The artificial intelligence control system for sewage treatment is technically characterized in that:

further, the working process of the intelligent perception layer comprises the following steps:

step 11: collecting perception data of a sewage treatment system, and preprocessing the perception data; the sensing data comprise a water inlet quality parameter Qj, a core section water quality parameter Qh and a water outlet quality parameter Qc;

Step 12: identifying the data type of the perception data, extracting the characteristics of the perception data, and carrying out sensitivity analysis on the extracted characteristics of the perception data;

step 13: modeling and training a water quality intelligent prediction model on the perceived data by applying a machine learning algorithm;

step 14: and calculating structural parameters of the intelligent water quality prediction model, and finally outputting a prediction result of the perception data according to the intelligent water quality prediction model.

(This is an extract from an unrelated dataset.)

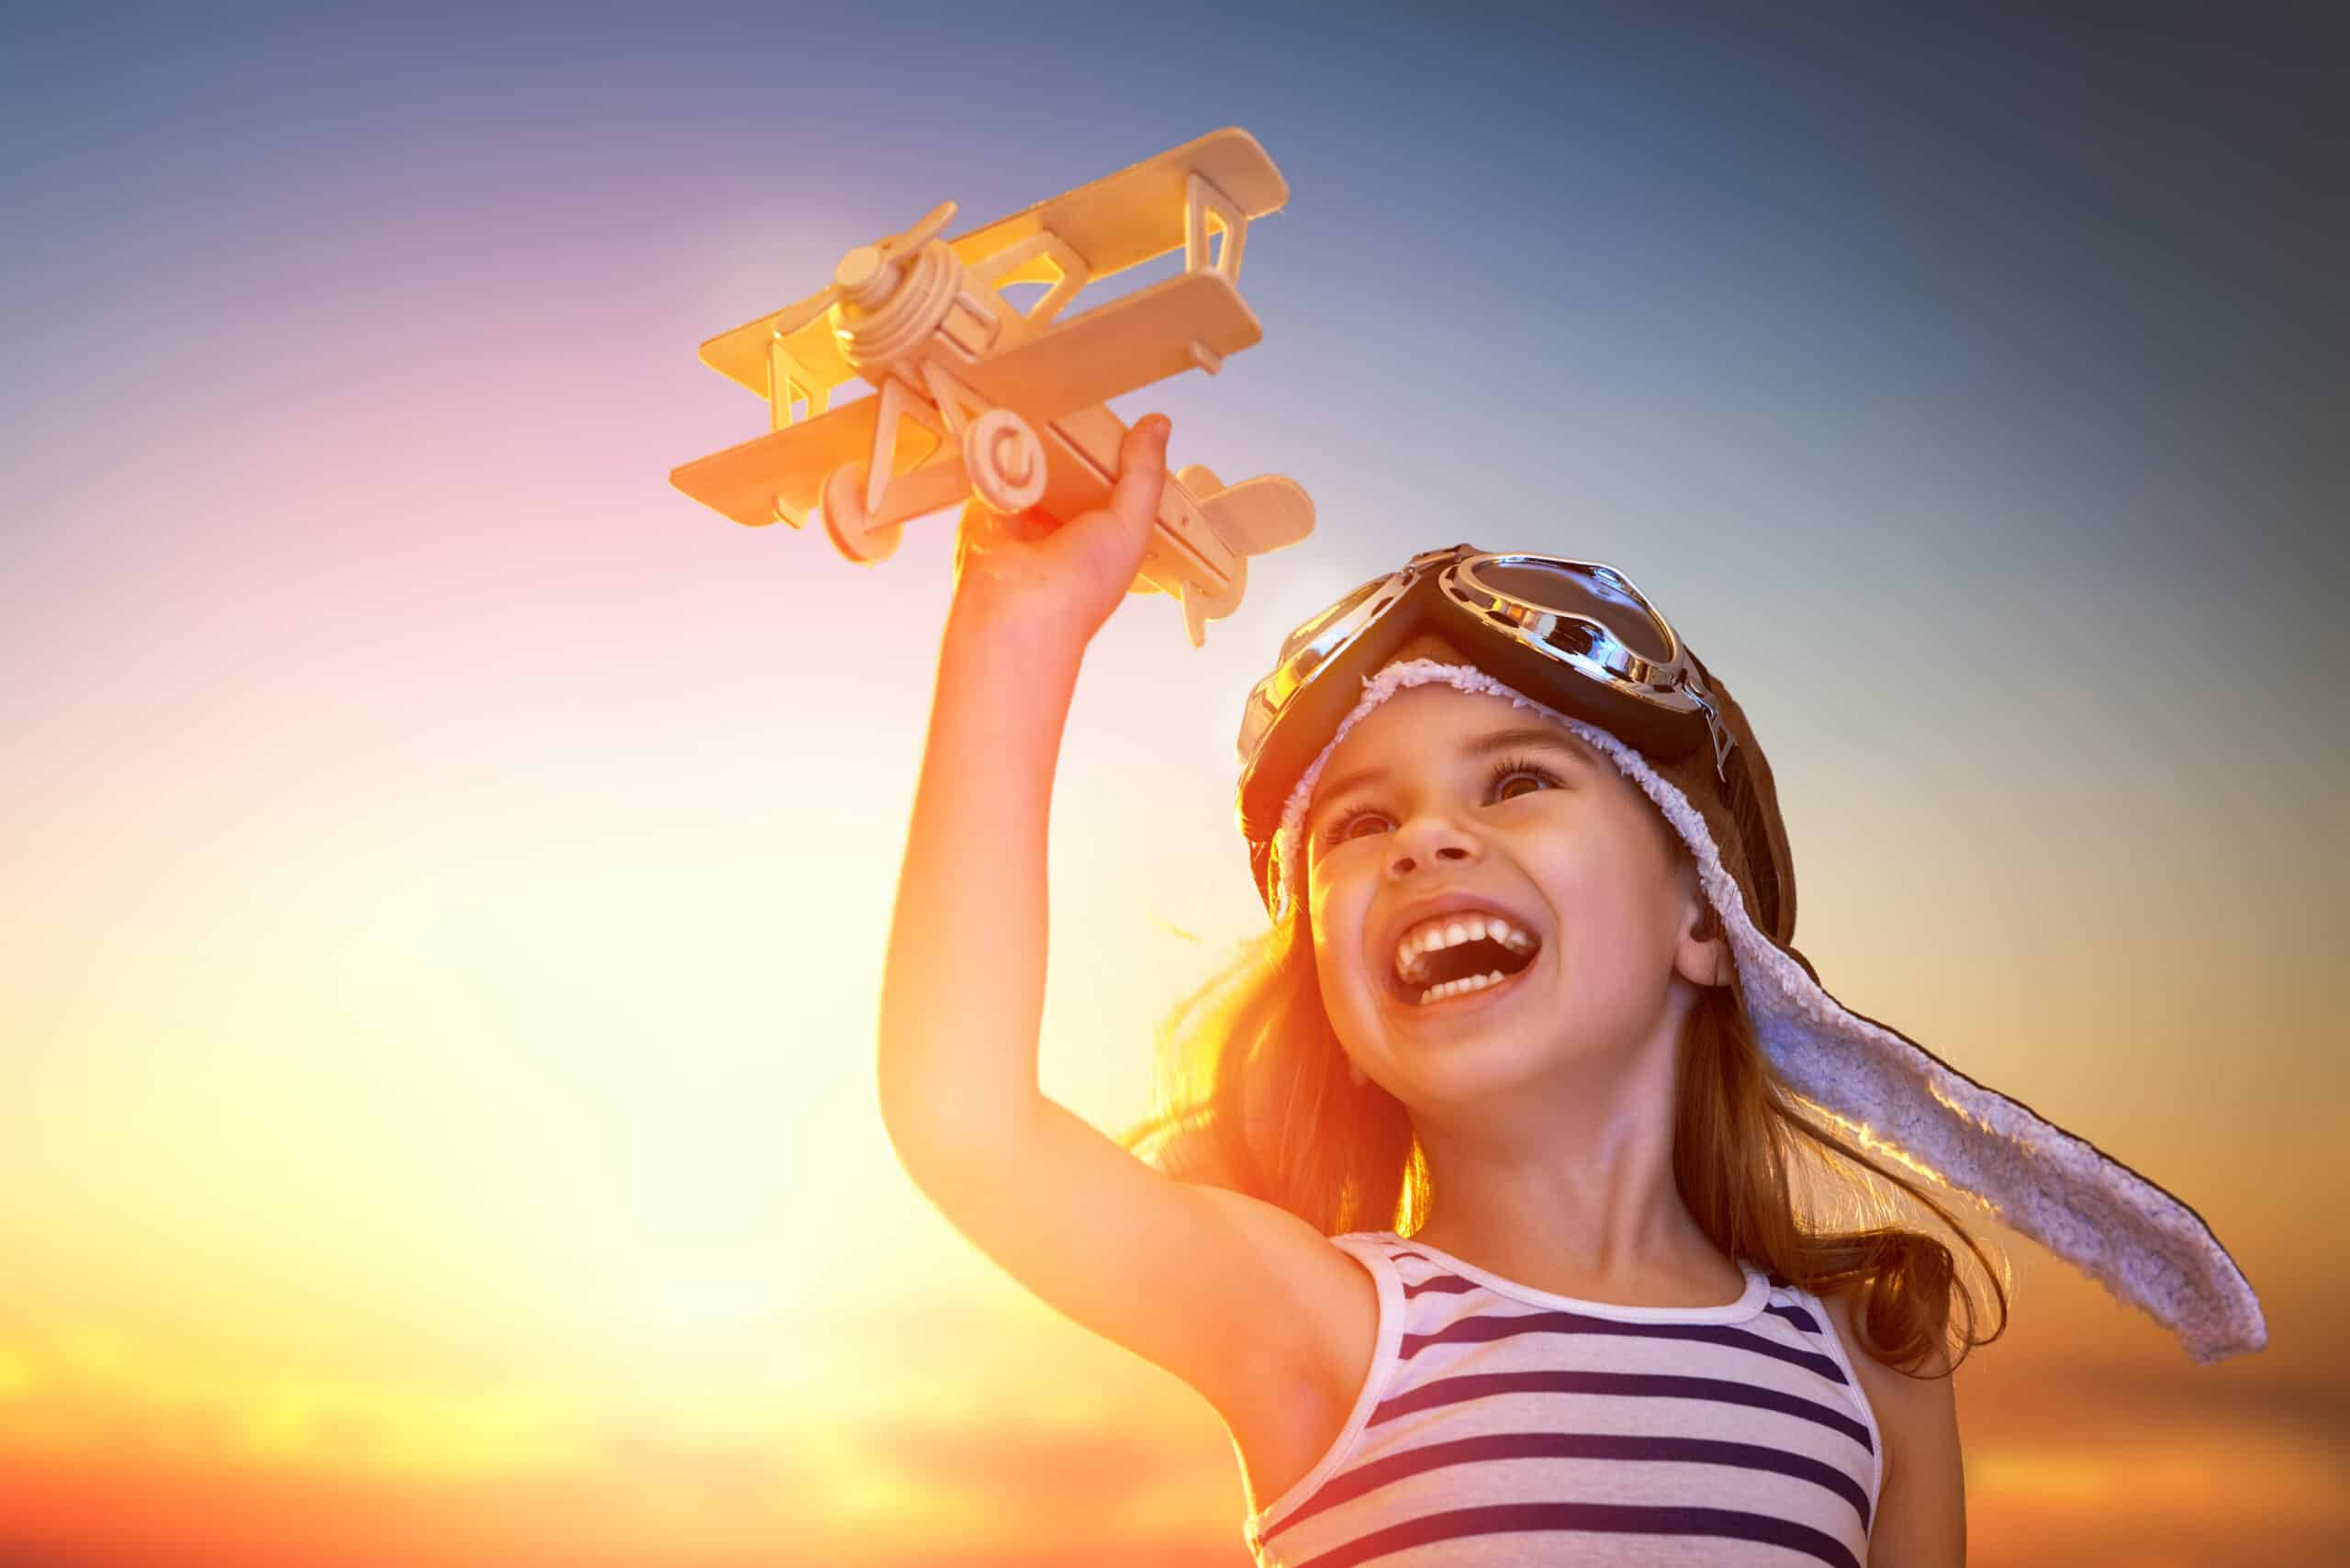 Smiling child playing with a toy airplane.

Further, in the step 11, the process of preprocessing the perceived data includes the following steps:

step 111: a step of cleaning perception data; the data cleaning comprises removing noise, processing missing values and abnormal values;

step 112: normalizing the perception data; data normalization includes data normalization or data normalization;

step 113: a feature engineering step of sensing data;

step 114: and a step of perceived data alignment.

Further, in the step 12, the type of the sensing data preprocessed in the step 11 is determined, and a sample library is established; and carrying out sensitivity analysis on the extracted feature information of the type of the perception data to obtain an importance score of the feature information, and eliminating features with the importance score lower than a threshold value according to the importance score of the feature information.

Further, in step 13, the machine learning algorithm is one or more of a decision tree algorithm, a support vector machine algorithm, a random forest algorithm, and a neural network algorithm.

Further, in step 14, the structure of the intelligent water quality prediction model includes a layer number, a node number, a learning rate and a loss function.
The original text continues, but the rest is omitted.